One of the sources said levying GST at 5 per cent with SED fully subsumed would lead to a revenue loss of ₹2,318 crore for the Centre after transfer of 41 per cent share to the States. For the states, the loss was calculated at ₹57,395.

“Accordingly the total loss would stand at ₹59,713 crore. Here the losses are higher as States would take a bigger hit of ₹ ₹51,853 crore on account of subsuming SEDs. The loss due to SEDs is similar even if GST is imposed at 12 per cent and 18 per cent,” the source explained.

The report suggested the best scenario would be imposing a GST of 5 per cent and applying a calibrated rate of SED. For domestic consumers, the SED will be fixed to ensure there is no change in power tariff. While for industrial and commercial users, their benefits are to be capped at ₹0.05 per unit, he added.

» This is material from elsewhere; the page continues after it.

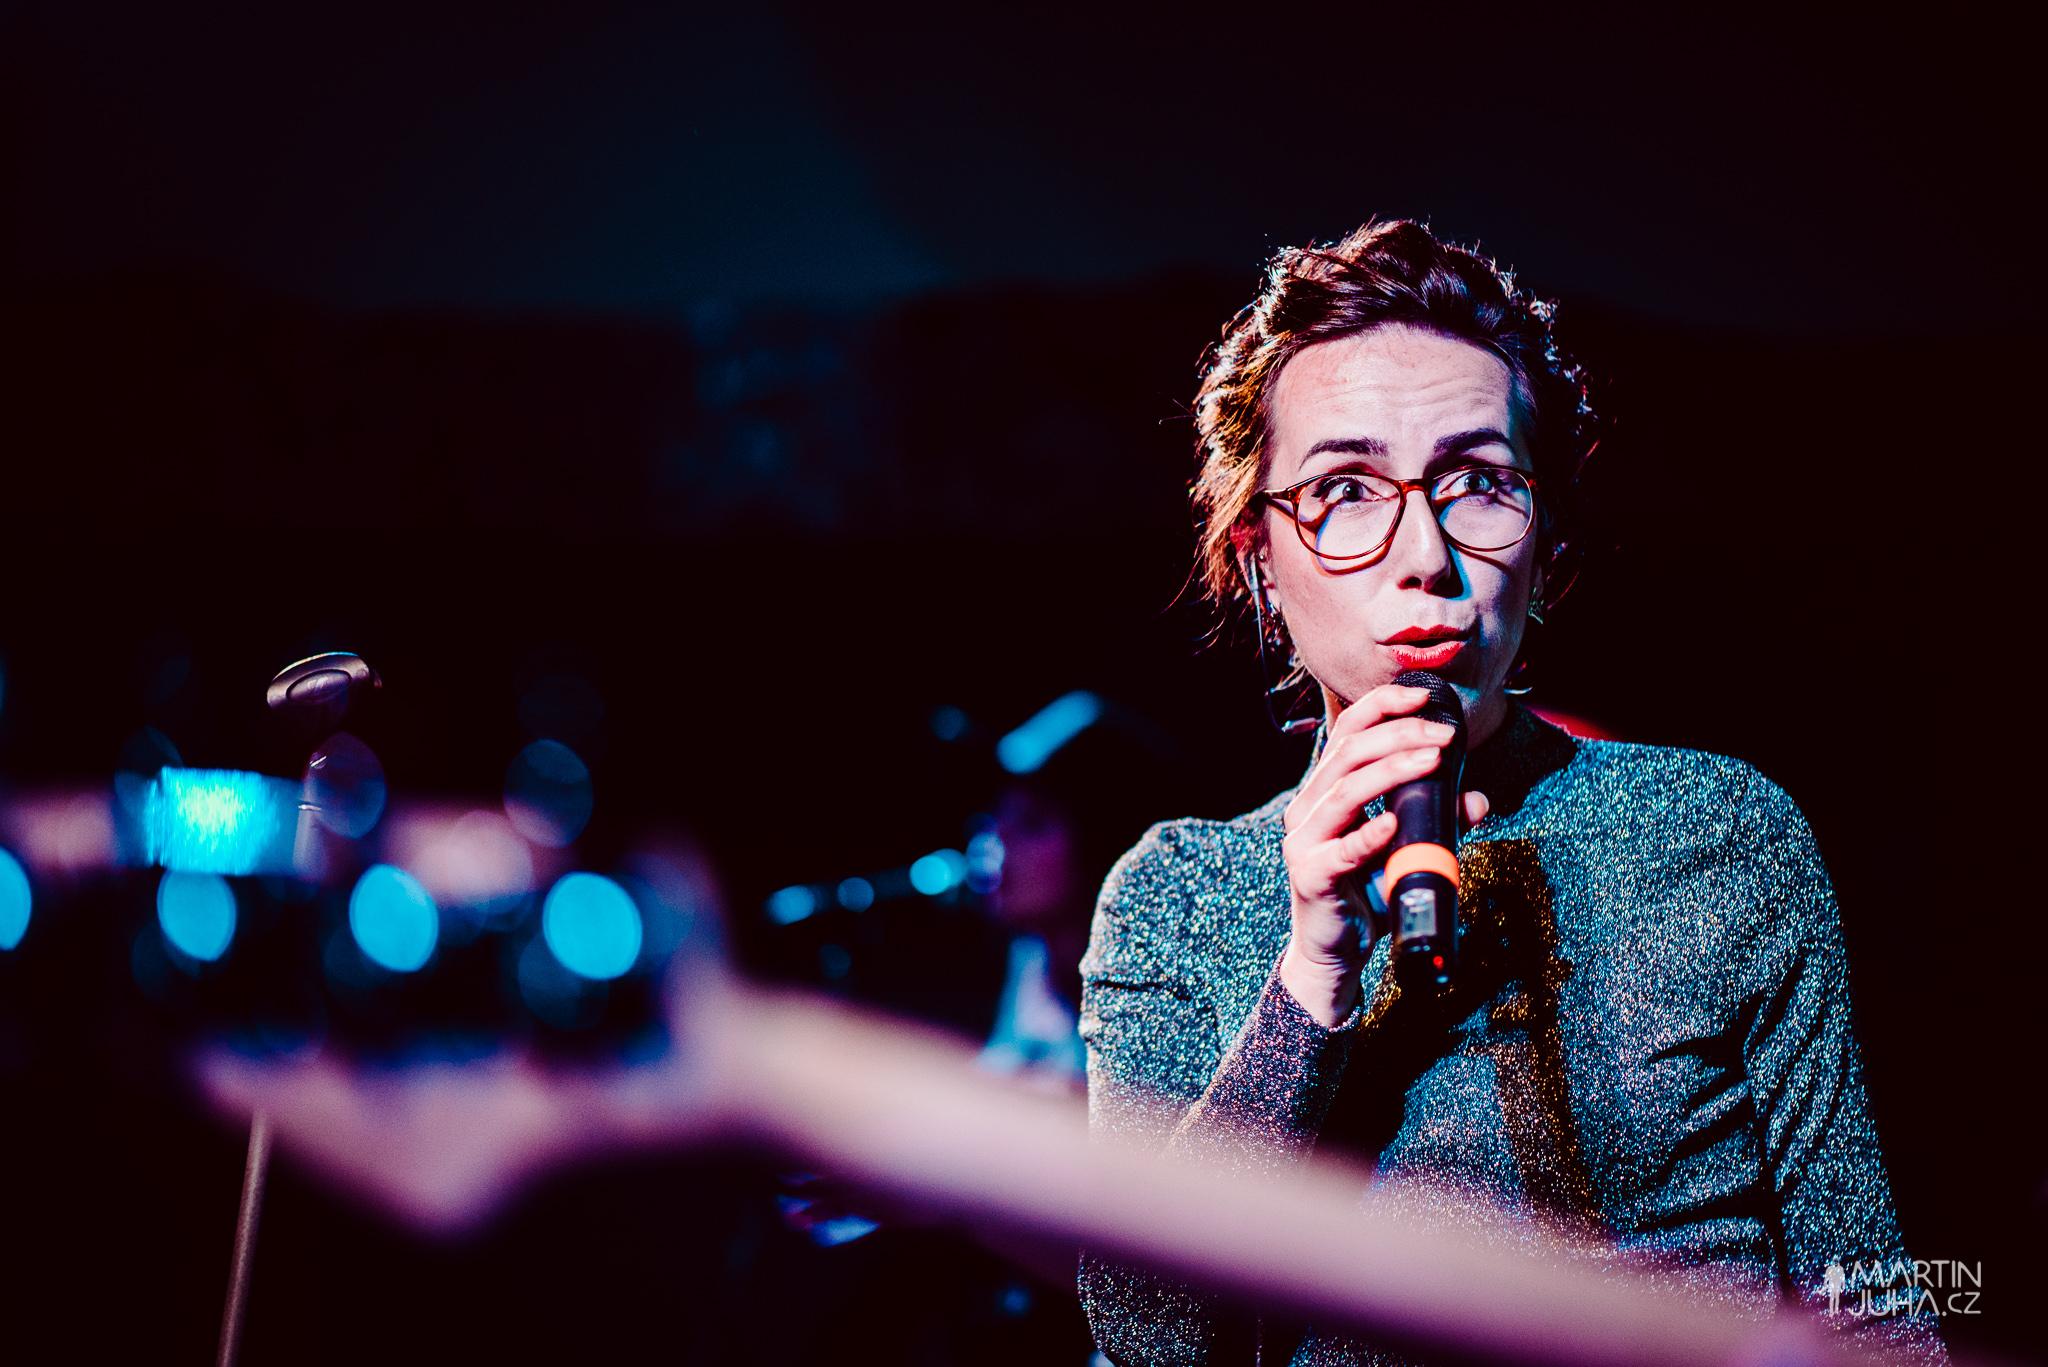 Úspěšná jazzová zpěvačka a absolventka ZČU Mirka Novak vystoupí v Domě hudby před kolegyní Audrey Martells

“The report’s final calculation was based on this criteria and it suggests that the Centre will incur a loss of around ₹2,130 crore, while States will lose ₹3,650 crore. Thereby the overall loss has been calculated at around ₹5,780 crore annually,” he explained.

The report was discussed in various meetings with the Power Ministry for possible approaches and the way forward. Besides, meetings were also held with the Central Electricity Authority (CEA) and the Power Finance Corporation (PFC) for collating the data.

‘Power price inflated’

On rationale behind implementing GST, another source said, “At present, state governments levy SED as per their respective laws, which is resulting in blockage of input tax credit (ITC) of GST on goods and services procured by power companies. As a result, electricity price gets inflated due to non-availability of ITC to industrial and commercial consumers resulting in higher tariff cost for the industry at large”.

Allowing ITC will reduce the power tariff cost, resulting in low cost of production of goods and services. Further, this will ultimately benefit the end consumers. This would also have a positive impact on rising inflation, the source added.

The report referenced power tariffs in FY19 for computing the impact on different consuming classes. Power generation companies would be able to avail an ITC of ₹0.12 per unit for coal, gas ( ₹0.11 per unit), hydro ( ₹0.06) and wind ( ₹0.09). Due to multiple sources of electricity generation, the report considered a weighted average of GST cost saved through ITC for coal, gas, hydro and wind power plants at ₹0.11 per unit.

For the power transmission segment, the report calculated that power transmission companies would be able to avail an ITC of ₹0.0045 per unit, while power distribution companies would be eligible for an ITC of ₹0.05 per unit. Accordingly, the report calculated that the weighted average ITC saving for the power companies across the three segments would be ₹0.16 per unit.